Абсолютная реальность (Дымовская) - страница 52

Но это были только слова. Никто никуда не шел. Хотя, случалось, и посылал. Наверное, оттого, что Леонтий оставался человеком слабым, по его собственному признанию, слова его не имели заклинательной силы. Сцилла была другая. Совсем другая. Ох! Повезло ему? Или наоборот. В ларце селезень, в селезне яйцо, в яйце… и так далее, до погибели. Это только в сказке можно переломить иглу, и ничегошеньки взломщику не будет. В жизни за подобное платят иначе. Тоже жизнями. А кощей, он может, и не враг вовсе. Леонтий по-прежнему не знал, что думать.
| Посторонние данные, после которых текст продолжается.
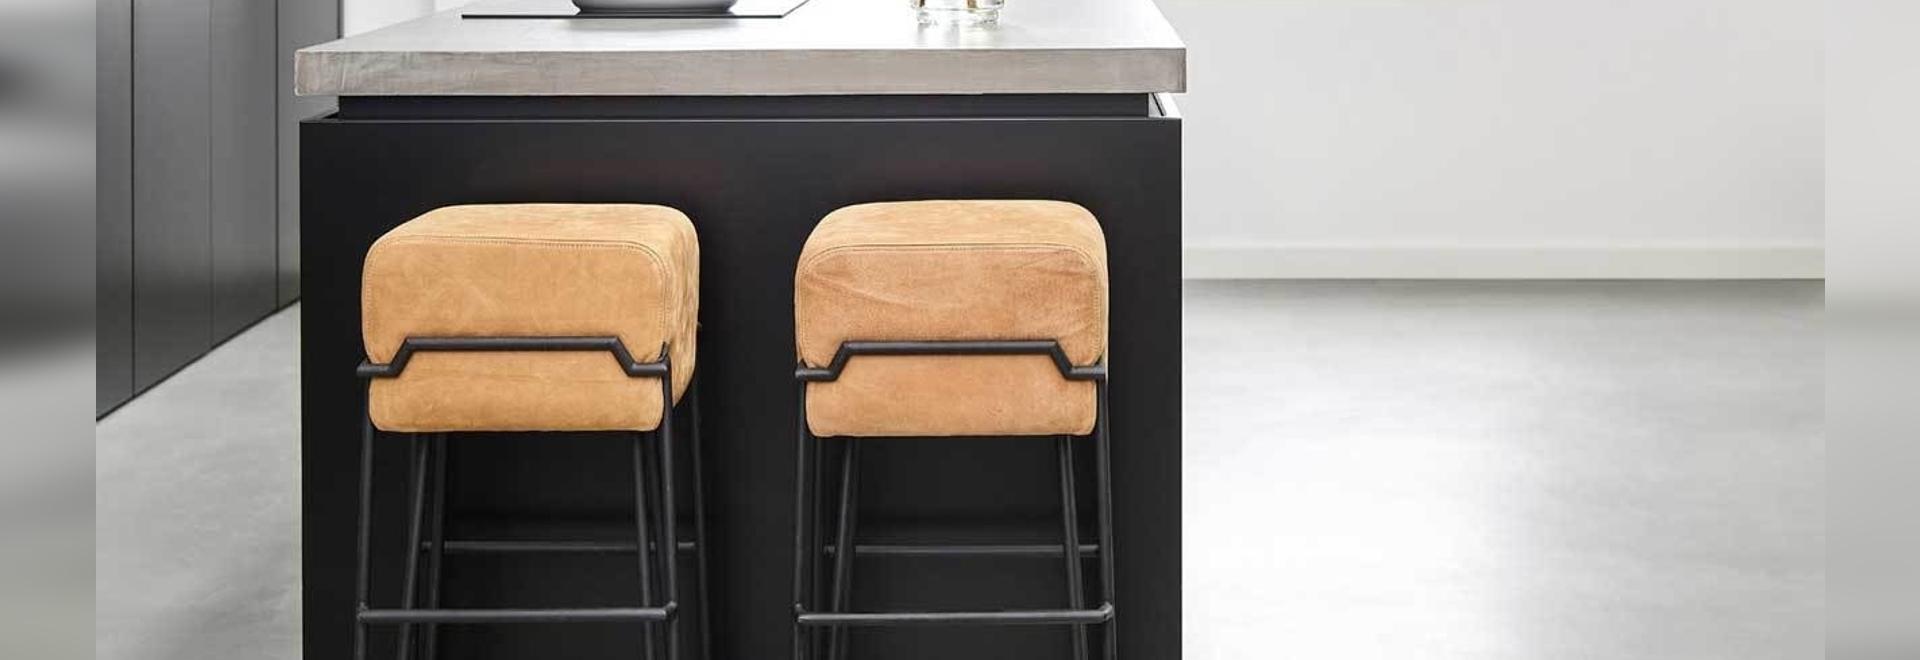 6 sgabelli da bar moderni che attireranno la tua famiglia lontano dalla TV per la cena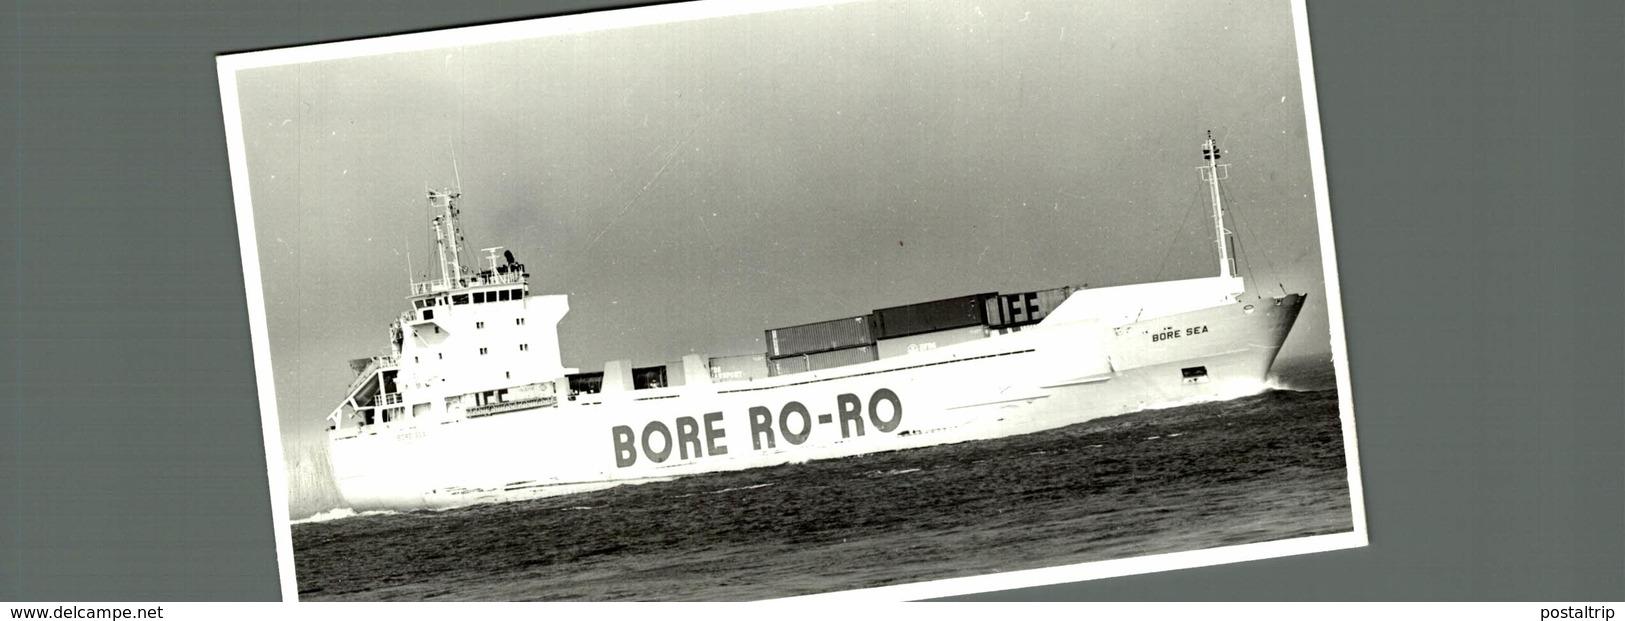 BORE SEA 13*9 Cm  Bateau Barco Bateaux, CARGERO - Barcos

Не знал он еще недели две. Дела его неожиданно пошли хуже, то ли возникло осложнение после травмы телесной, то ли переволновался он от душевной турбулентности, но головокружения стали невыносимы, его хотели даже в больницу – Калерия и та, перепугалась, навезла каких-то немыслимых, отвратительных лекарств, хотя первая всегда гремела: не занимайтесь самолечением, но и вправду испугалась, а со страха чего не сделаешь? Мама его, Ариадна Юрьевна, слава целителю Чумаку, была предубеждена против больниц, оттого история окончилась без драм, всего лишь призванием вновь кандидата-нейрофизиолога Семена Абрамовича Гингольда, который отмел напрочь привезенное прежде Калерией, велел пить гомеопатические антистрессовые капли, принимать расслабляющие ванны и непременно свозить страдальца на томографическое исследование головы – последнее и показало, что ничего страшного нет. После чего Семен Абрамович провозгласил, дескать, поставит своего пациента на ноги за какие-нибудь десять дней, пусть только не мешают. Не ходят зря, не тревожат и без того расстроенного нервнобольного. Допустил лишь одного Петьку Мученика, да и как было его прогнать, если сосед, и готов дежурить безвозмездно. Зато Ариадне Юрьевне наказал строго-настрого: материнская ласка должна быть по возможности безмолвной, если же требование это неисполнимо – не более, как на два часа в день законное время посещений. Режим Семена Абрамовича скоро принес свои сладкие плоды, что твой анчар беглому рабу, – родные, включая Калерию, платили кандидату вскладчину, – Леонтий к концу второй недели почувствовал себя если не вполне здоровым и готовым к труду и обороне, то уже в том состоянии, когда у окрепшего духом, совершеннолетнего человека появляются блудливые мысли – а недурно бы обмыть с друзьями переставшее считаться печальным событие.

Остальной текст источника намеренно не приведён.